Родник Олафа - Олег Николаевич Ермаков
Шрифт:
Интервал:
Закладка:
– Лелека! Подь сюды! – крикнула девочка, пытаясь обрызгать Сычонка. – Али табе не леть? Попенку? Ты попенок? А? А?
И она смеялась и брызгала на него.
– Подь сюды!..
Но Сычонок встал и отошел подальше, не отрывая глаз от резвящейся в прозрачной воде Городца девочки.
– Ах, сице?! – крикнула она. – Ну, погоди же, скаредный неслух! Молвлю про твои буквицы-то Хорту. И Хорту, и Третяку! Ён и вздуеть табе розгой по пяточкам! Ох! А ручища у нёго яко колотушка, чичига[281]! Ему и прозвище Чичига, не ведал тое? А поведай. А там и отпробуешь!
Сычонок покачал головой и приложил палец к губам.
– Што? Не молвить про тое?
Он кивнул.
– Тада подь сюды!
Сычонку и самому хотелось окунуться, освежиться после долгого блуждания в травах и всякой приречной трухе, что повисает на ветках и тростниках. И он лишь отошел в сторонку, скинул там свою ряску, подшитую Леонтием, да бултыхнулся в речку. А Гостена поплыла к нему, точнее поползла в воде, перебирая по песчаному дну руками, потому как выше было еще мельче, чем там, где она купалась. Поползла, изображая то ли змею, то ли еще какого водяного зверя, мяукая и воя:
– Мяу-у-у-у-увуву! Мяу-у-у-увуву!
И Сычонок, окунувшись пару раз, полез на берег, хватаясь за кусты. Гостена вскочила и побежала за ним в туче брызг, ровно лошадка. Да Сычонок успел выбраться и уже натягивал на мокрое, крепко сбитое тело рясу.
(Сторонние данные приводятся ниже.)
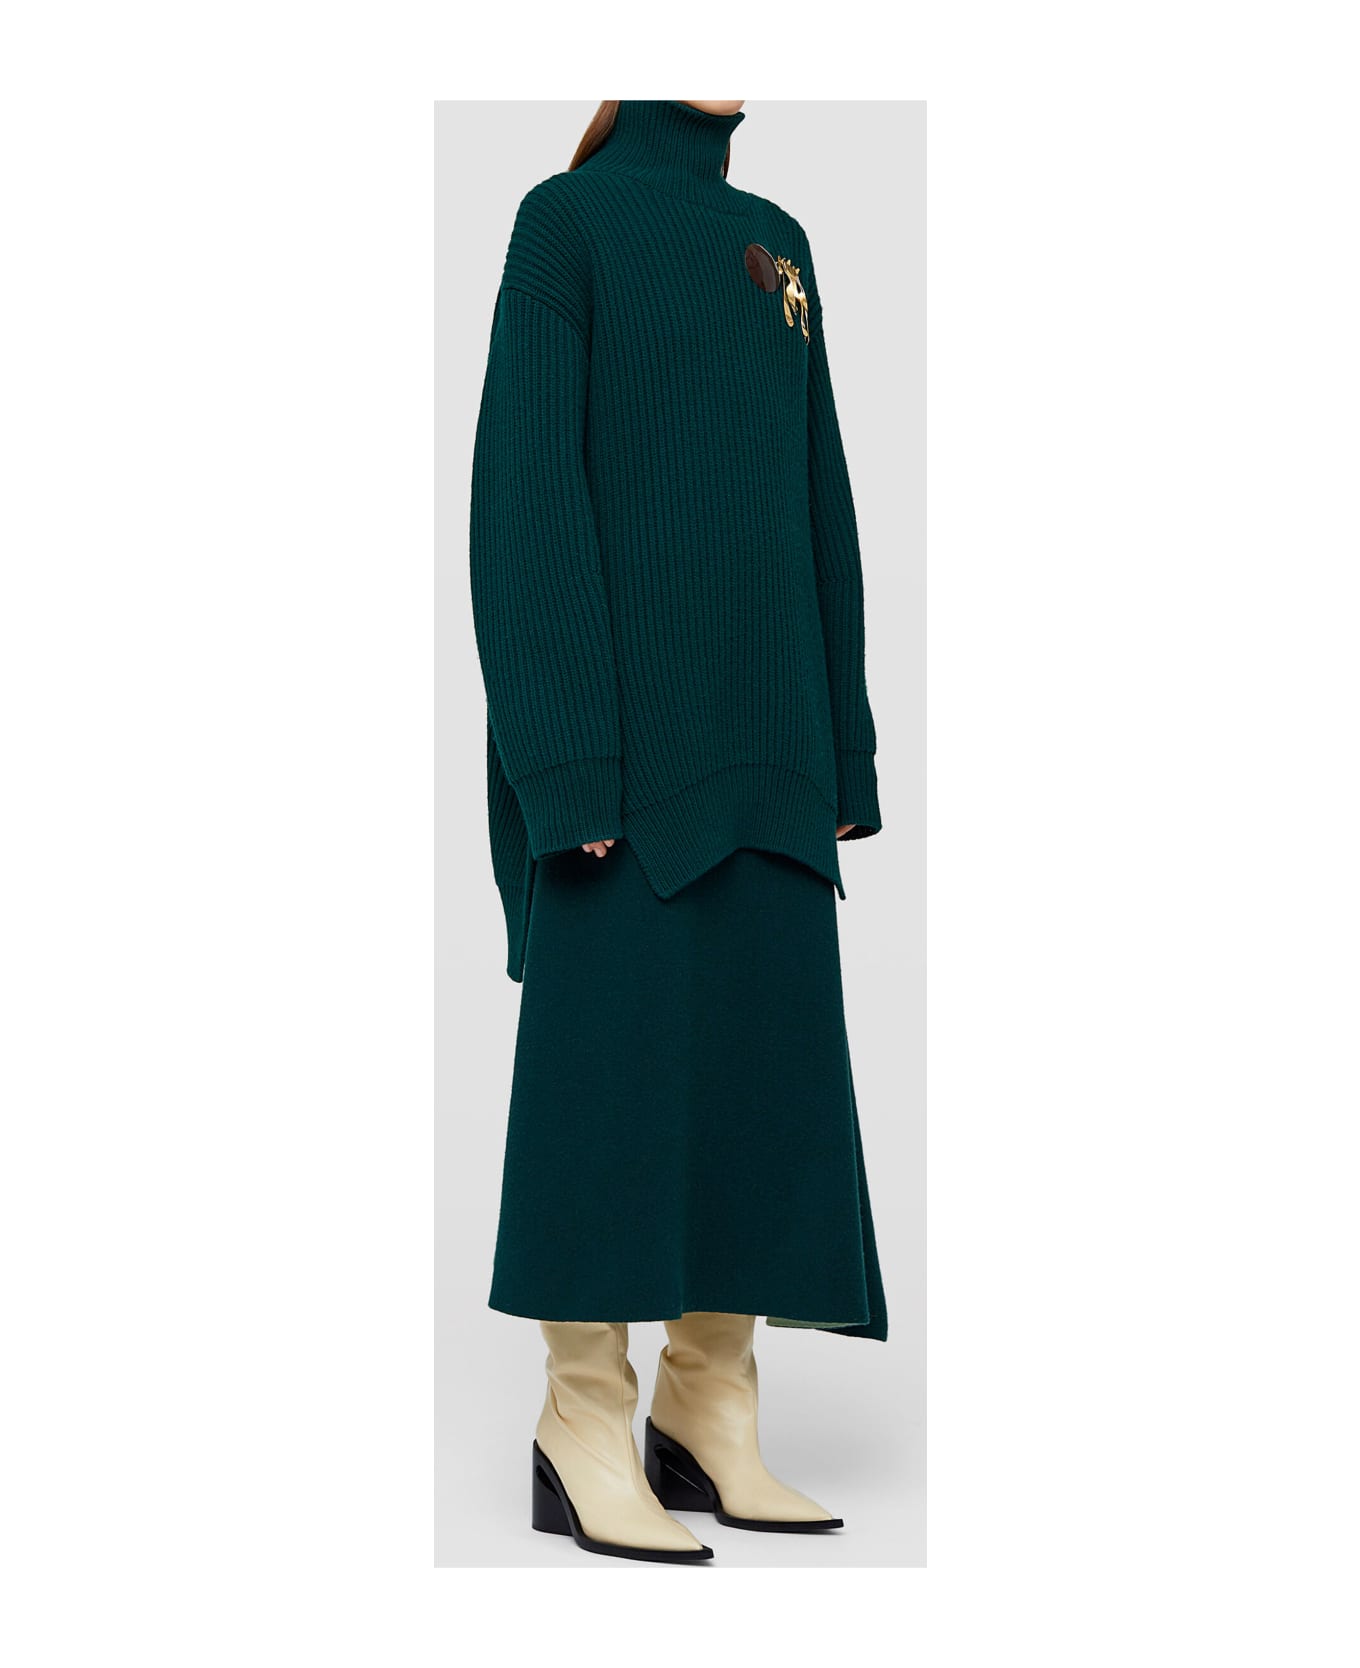 Jil Sander Asymmetrical Green Skirt - GREEN スカート
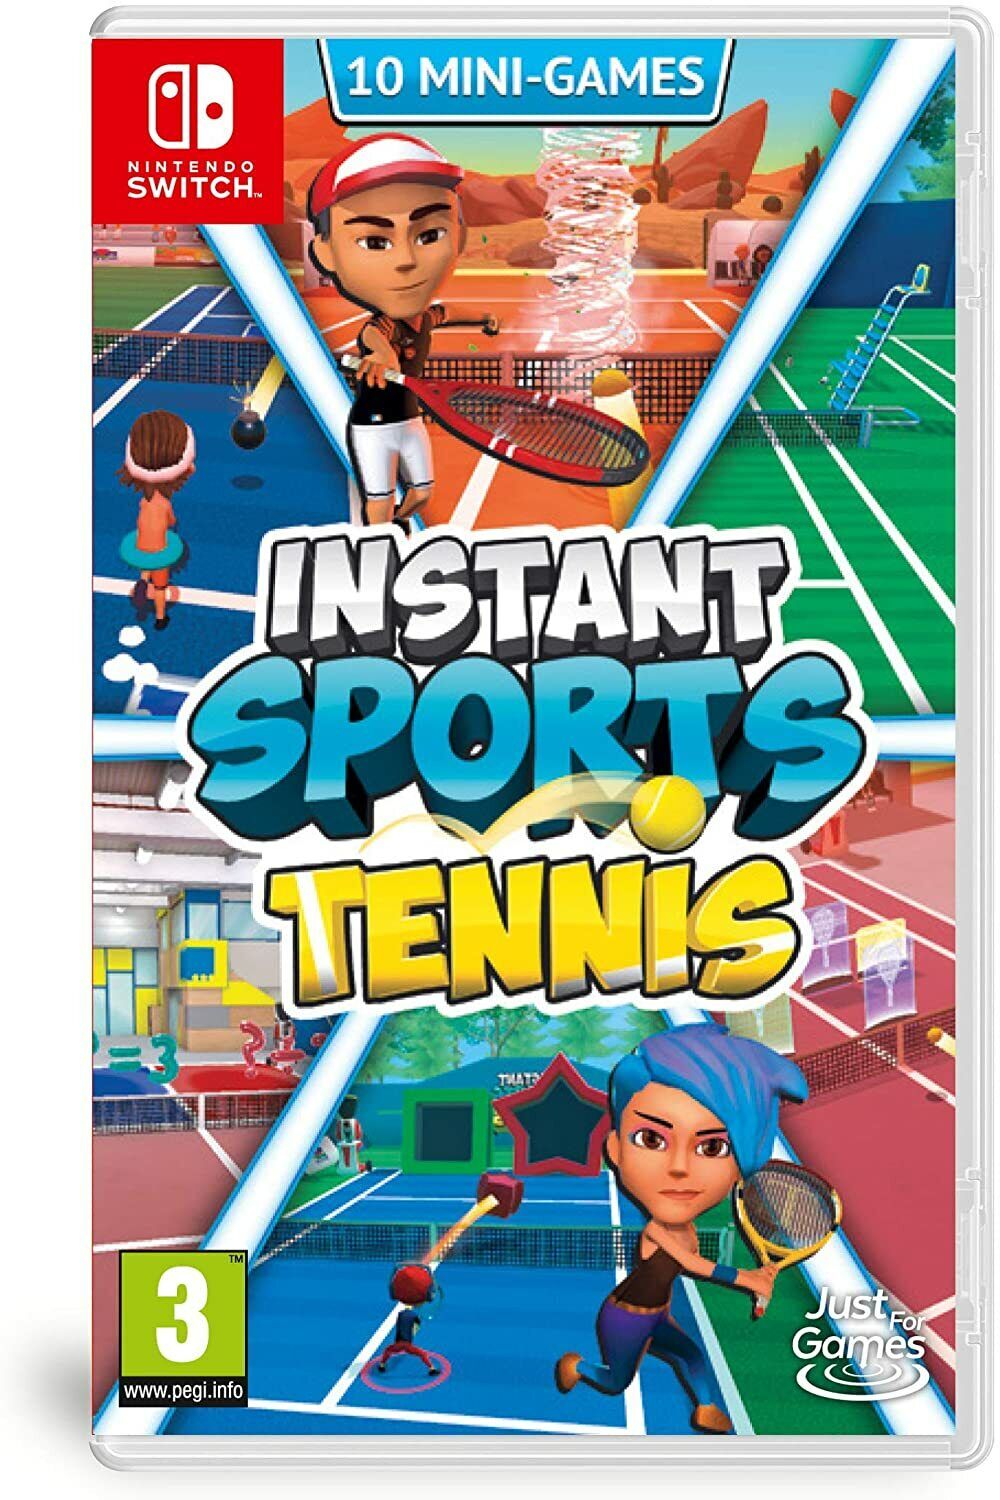 Instant Sports Tennis - Nintendo Switch saynama

Гостена еще поплескалась и тоже вылезла, быстро оделась, хотя вначале хотела обсохнуть и, как видно, покрасоваться, да комары враз одолели.
Она стояла и отжимала волосы, сгоняя комаров с шеи, с рук, с чистого смуглого лица.
Снова вверху насмешливо програял ворон.
Гостена задрала голову и крикнула:
– Оле! Гавран[282]! Чиво каркаешь? Навь накаркиваешь? Кому из нас первому?
Сычонок тоже посмотрел вверх, прищуря один глаз, хотя солнца никакого и не было. А облака, точнее небесная муть, какое-то отвислое брюхо кисельное, были еще ниже. И все вокруг притихало. Смолкали кузнечики, птицы затаивались.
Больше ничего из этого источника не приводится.